Lewis gave an example of when she was in training the attending was the “be all and end all,” and it was not expected that fellows would ask questions. “I think there is more communication now and a willingness to take risks and ask questions.”

But she says because everyone is so busy now, building relationships within a team can be difficult.

“We don’t have the doctors’ lounge anymore. We don’t sit and have lunch together. Computers are taking over now, no one actually talks to each other anymore,” she says.

“We need to try to get to know each other and become colleagues. It’s easy when you don’t know somebody to be abrupt or brusque; it’s harder when you’re friends.”

She notes that the Mayo Clinic is one institution that is doing a lot of work on this, arranging for groups of doctors to go out for dinner together to get to know each other.

“This bringing people together socially happens in a lot of workplaces, and it can happen in medicine.”

Lewis, who has some leadership positions at the American College of Cardiology (ACC), says the organization is focusing on “intergenerational opportunities and challenges” to help improve psychological safety for trainees.
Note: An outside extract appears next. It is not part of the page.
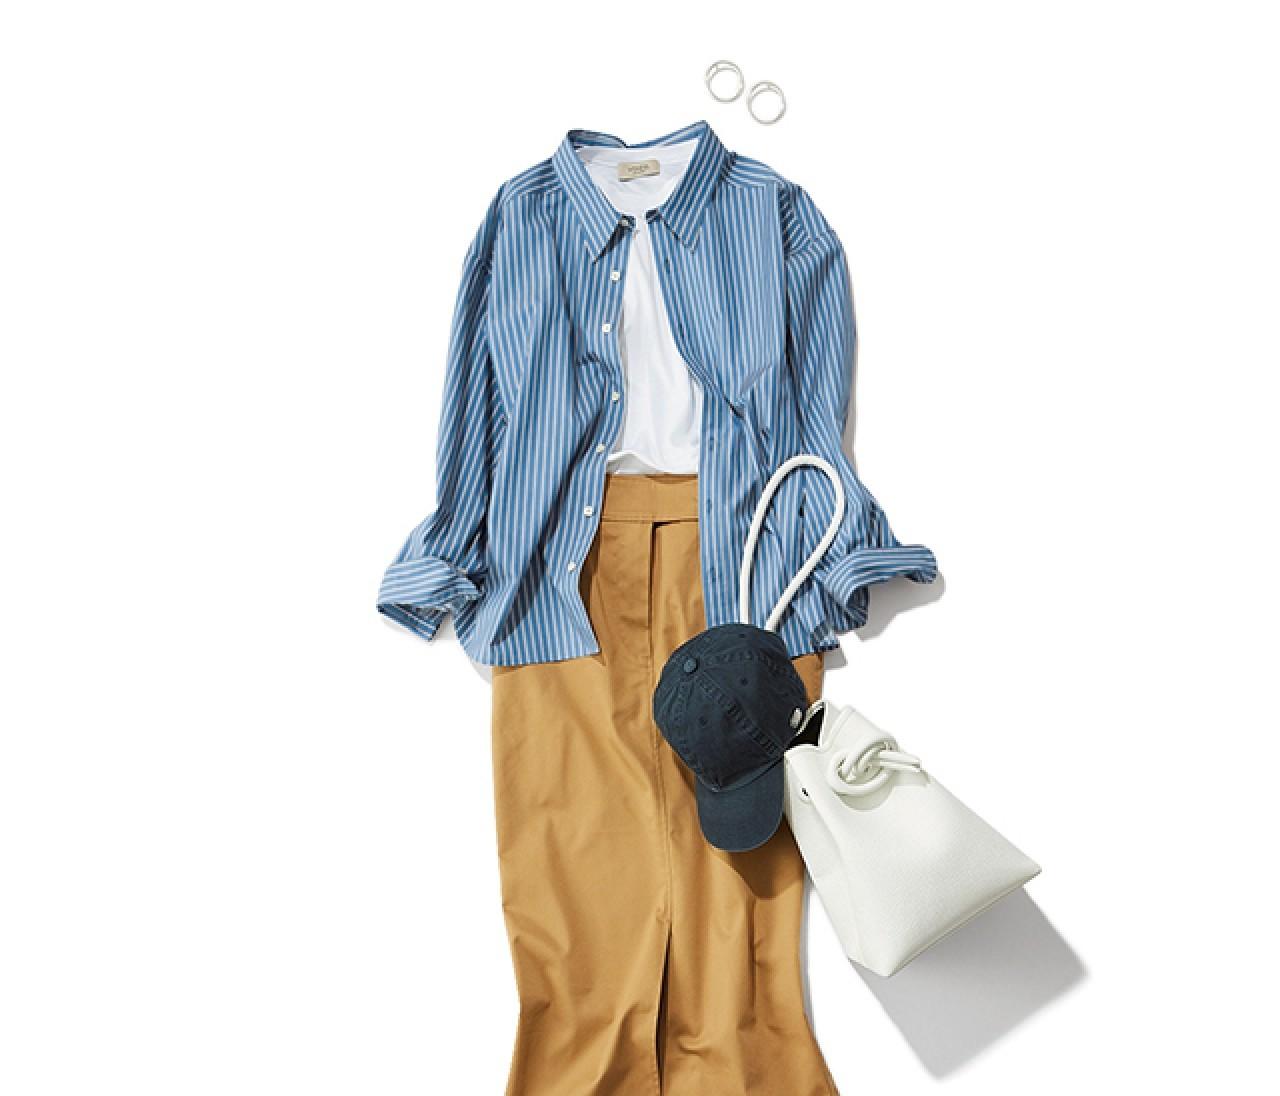 ランチバーベキューの日は、さわやかなストライプシャツのボーイッシュスタイル【2019/3/23のコーデ】

Noting that a recent survey of medical residents found that “contemporary residents were more likely than their predecessors to agree with negative perceptions of cardiology,” Lewis says the ACC is also reaching out to medical residents who may think that cardiology is an unwelcoming environment to enter and to minority groups of medical residents such as women and ethnic minorities to try and attract them to become cardiology fellows.

“If fellows find in hard to speak up because they are in this hierarchical learning situation, that can be even more difficult if you feel you’re in in a minority group.”

“We need to create a culture of colleagues rather than perpetuating a culture of us and them, to provide a safe and thriving cardiovascular community,” she adds.